Theatre Night: What the Butler Saw (1987)
Season 2, Episode 2
8/10
Gloriously Anarchic Farce set in a Mental Home
21 February 2016
When WHAT THE BUTLER SAW premiered in London in 1969, two years after Joe Orton's violent death, the reaction was predictably outraged. As Dr. Rance, Ralph Richardson appeared terribly uncomfortable; one audience member exclaiming "Oh, Sir Ralph, how could you!" as they noisily left the theater. Despite his undoubted talents, Baxter could not rescue the show as it closed after a short run.

Watching this THEATRE NIGHT production, we might wonder what all the fuss was about. The subject-matter is certainly contentious, with an extended joke about Sir Winston Churchill's missing member, coupled with repeated references to sex and sexuality; but the play as a whole is joyously anarchic, as Joe Orton takes a Jonsonian pleasure in debunking contemporary attitudes towards mental health, psychiatry, homosexuality, transvestism, marriage and melodrama, amongst other things.

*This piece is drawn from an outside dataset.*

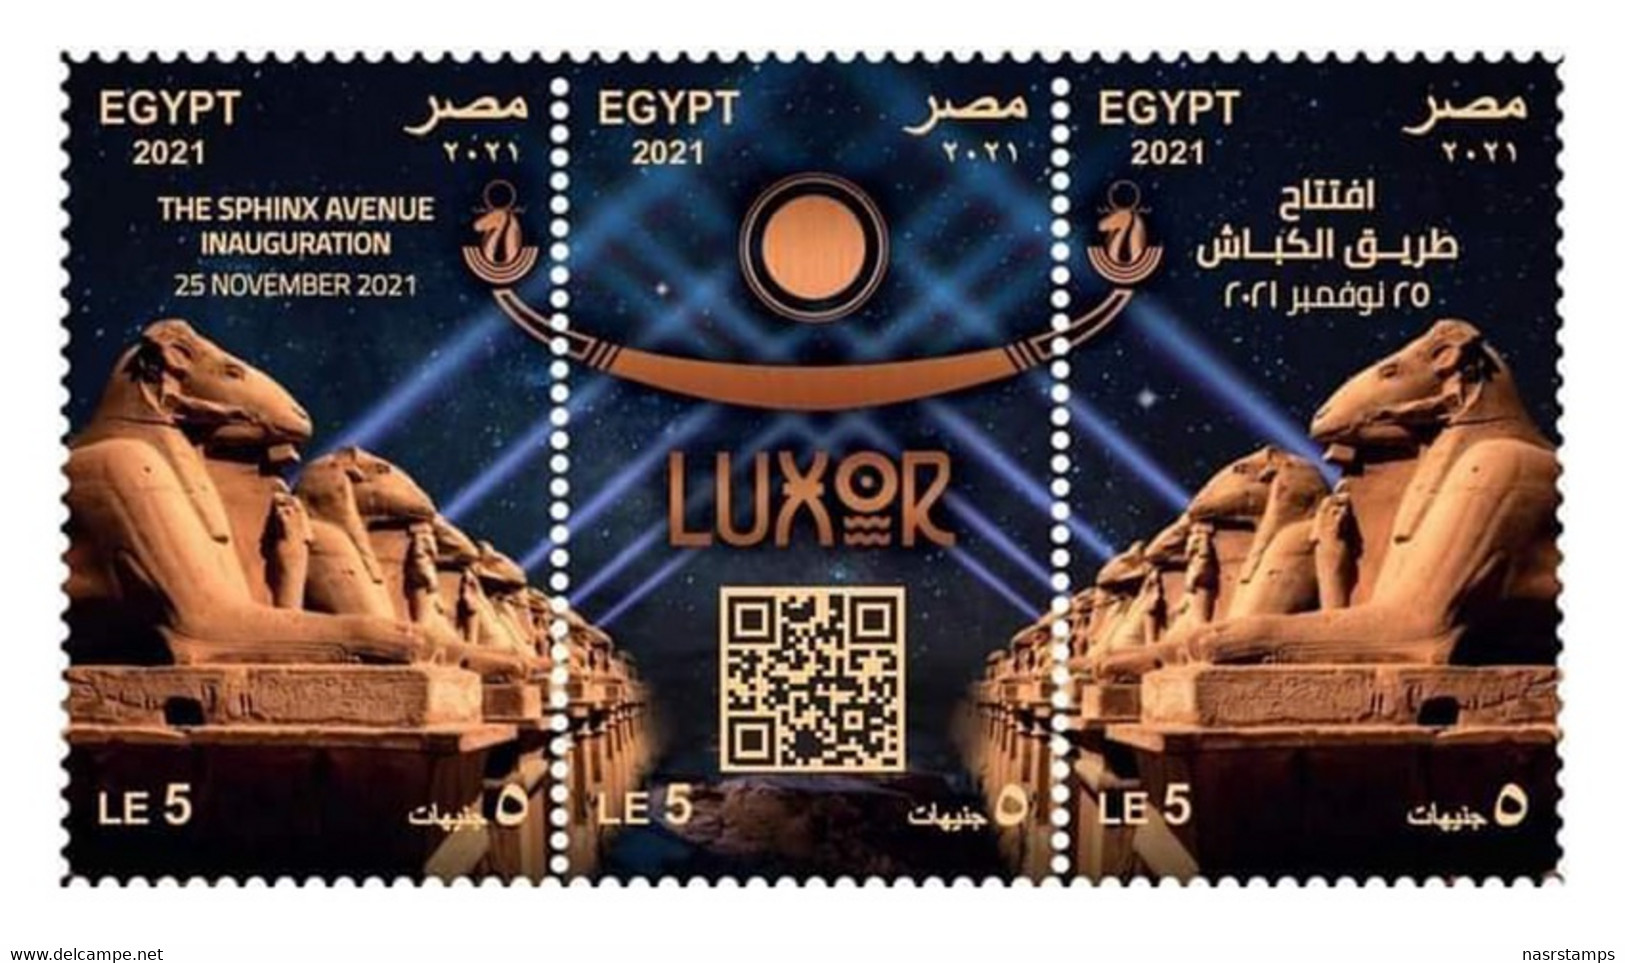 Egypt - 2021 - NEW - Complete Sheet - ( The Sphinx Avenue Inauguration - LUXOR ) - MNH** - Unused Stamps

The cast thoroughly enjoy themselves with dialogue that can only be described as deliciously Wildean in tone. As Dr. Prentice, the late lamented Dinsdale Landen begins the production with an air of total self-assurance as he asks his tyro secretary Geraldine Barclay (Tessa Peake-Jones) to remove her clothes prior to seducing her. As the action unfolds, so his attitude changes as he finds himself overwhelmed by circumstances. Timothy West's Dr. Rance is quite obviously insane, but he delivers his lines with such ringing conviction that no one has the stomach to challenge him. The two female leads, Peake-Jones and Prunella Scales, spend a large part of the production in a state of déshabillé, but this seems perfectly reasonable in a performance where reason and unreason have been crazily subverted. Bryan Pringle turns in a bewildered cameo as Sergeant Match, even though his boxer shorts seem way too big for him.

Shot on video-tape in a single set, Barry Davis's production relies a lot on clever camera-work and effective performances to entertain viewers. There are some wonderful moments - especially when Nicholas Beckett (Tyler Butterworth) is caught in flagrante delicto with only a police officer's helmet to protect his modesty. The camera cuts to a shot taken from behind a fish-tank, as we watch Beckett running off-screen so as to escape further embarrassment.

WHAT THE BUTLER SAW takes a bit of getting used to, especially for those not conversant with Orton's work, but yields rich rewards, especially for broad-minded viewers.